EU Guidelines for Trustworthy AI
The before mentioned guidelines on how to build trustworthy AI systems list seven requirements that AI systems should meet, for which both technical and nontechnical methods should be used to implement them:
- human agency and oversight
- technical robustness and safety
- privacy and data governance
- non-discrimination and fairness
- environmental and societal well-being
The report also contains a checklist for each of these requirements, where they are further specified in more concrete measures or questions. Kuwajima and Ishikawa (2019) translated these requirements into six quality characteristics that should be added to ISO25000: controllability, explainability, collaboration effectiveness, privacy, human autonomy risk mitigation and unfair bias risk mitigation.
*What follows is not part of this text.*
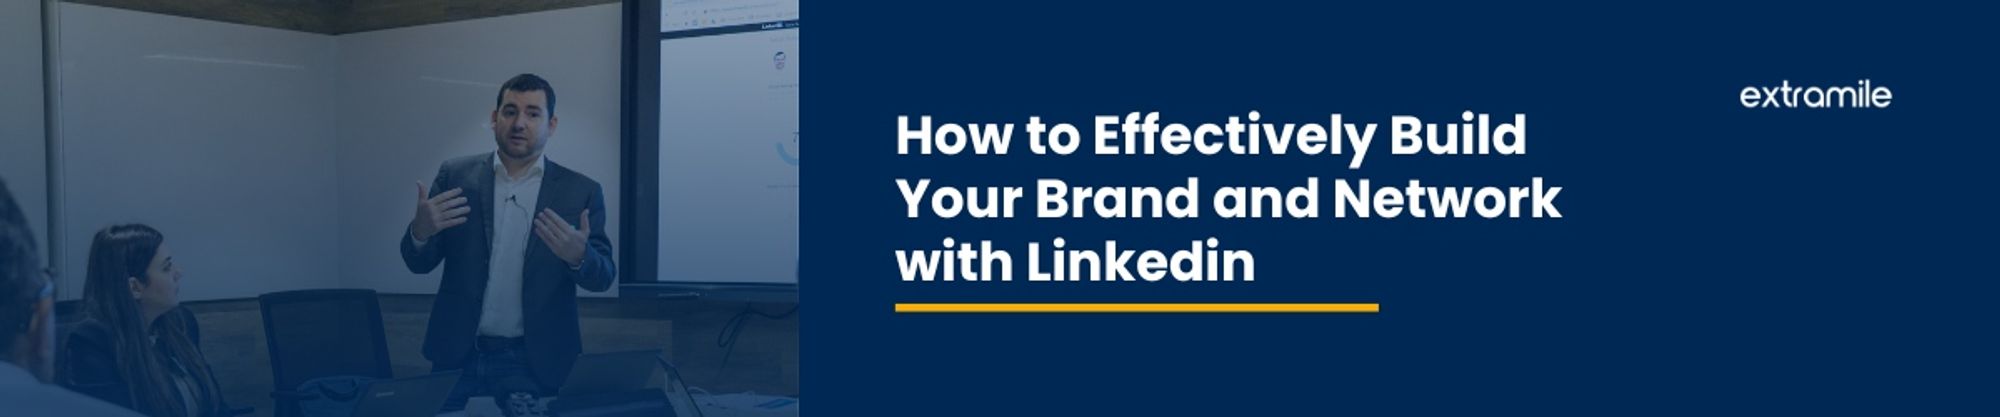 How to Effectively Build Your Brand and Network with LinkedIn
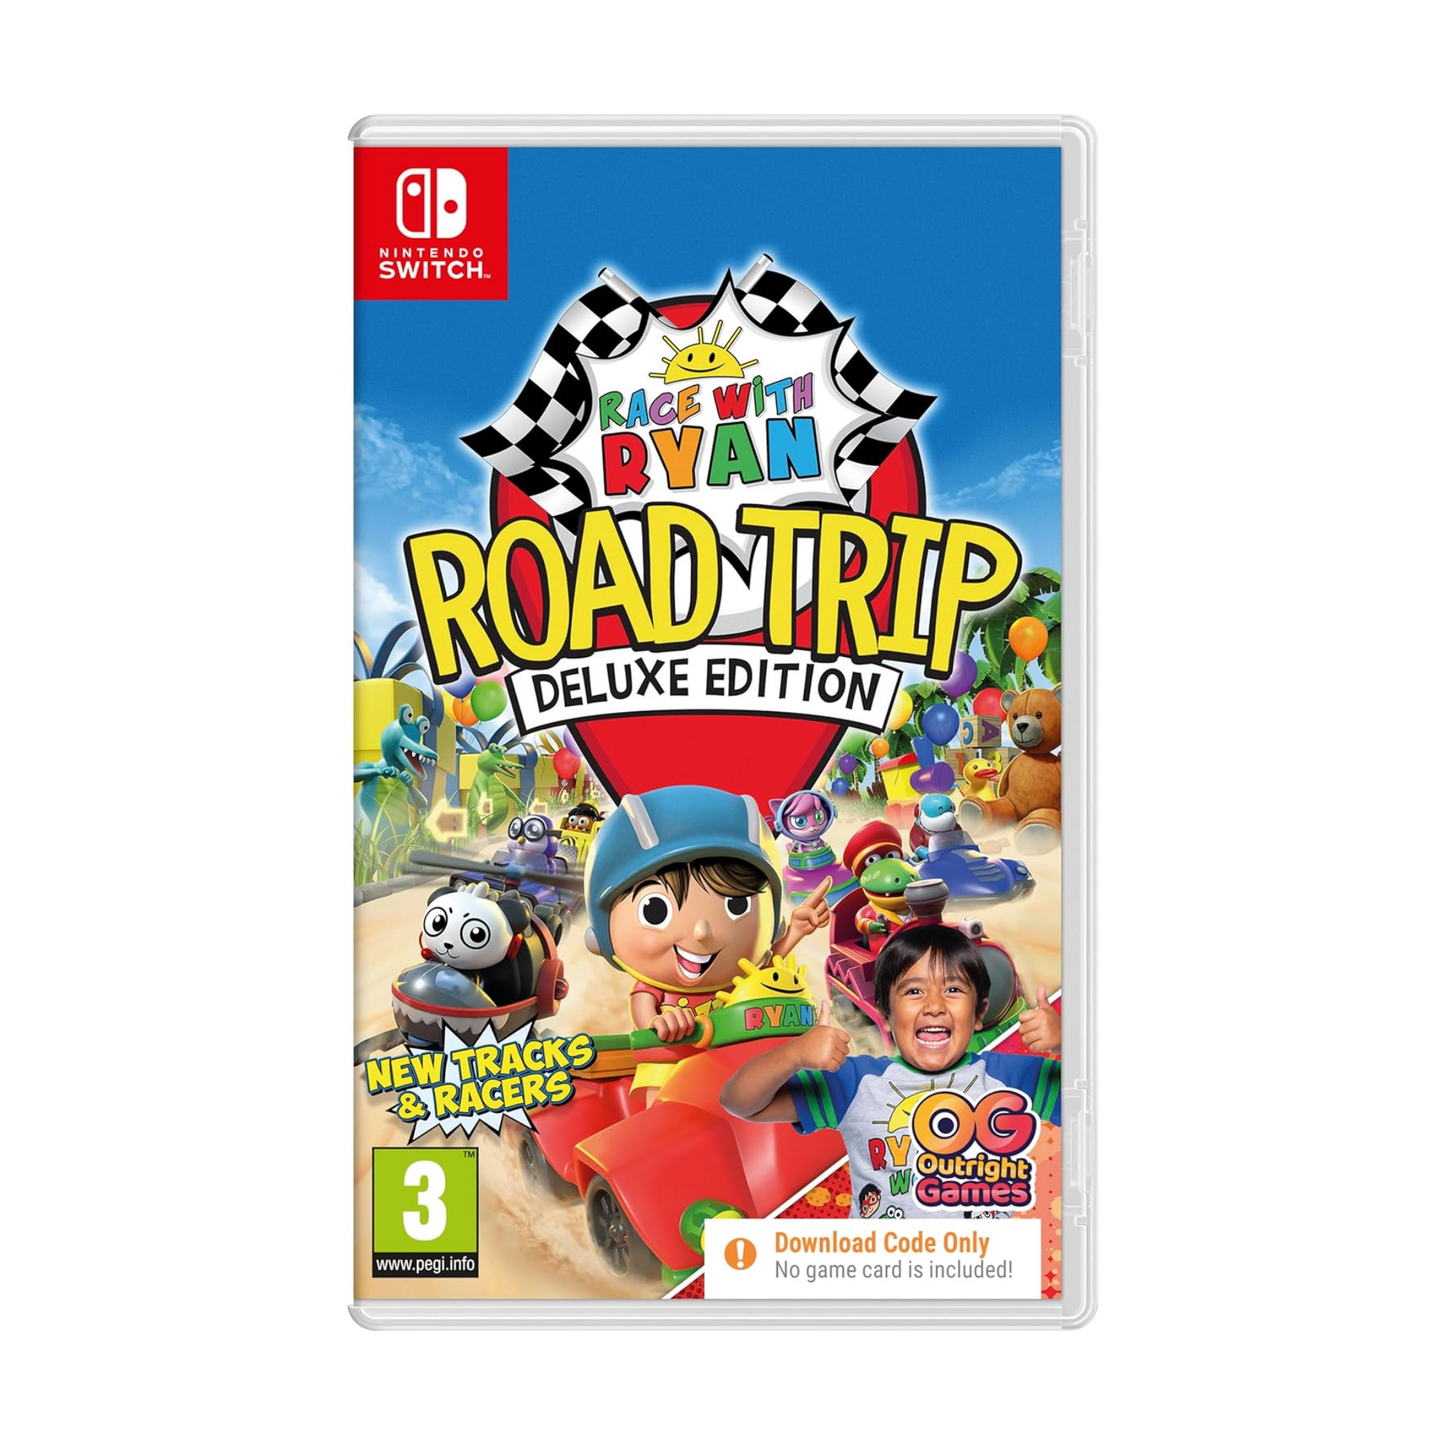 Race with Ryan road trip Deluxe edition video game for Nintendo Switch

These additions clearly reflect the high impact of AI systems on human activities and human lives.
Testing Machine Learning Systems
In a previous blog post, I discussed hands-on techniques, tools and methods for testing AI systems. The structure of the blog post was based on the comprehensive literature survey by Zhang et al. (2020). According to Zhang et al. the trained ML model should be tested for the following properties: correctness, overfitting degree, fairness, interpretability, robustness, security, data privacy, and efficiency. Out of these eight properties, only security and efficiency are already part of the ISO25000 quality model. Fairness, interpretability and data privacy are already covered by the additions proposed by Kuwajima and Ishikawa (2019). So that leaves us to add model correctness, overfitting degree (i.e. the generalizability of the model) and model robustness. Since overfitting degree is very much related to model correctness, for the sake of simplicity we summarize that under one addition called “model correctness”.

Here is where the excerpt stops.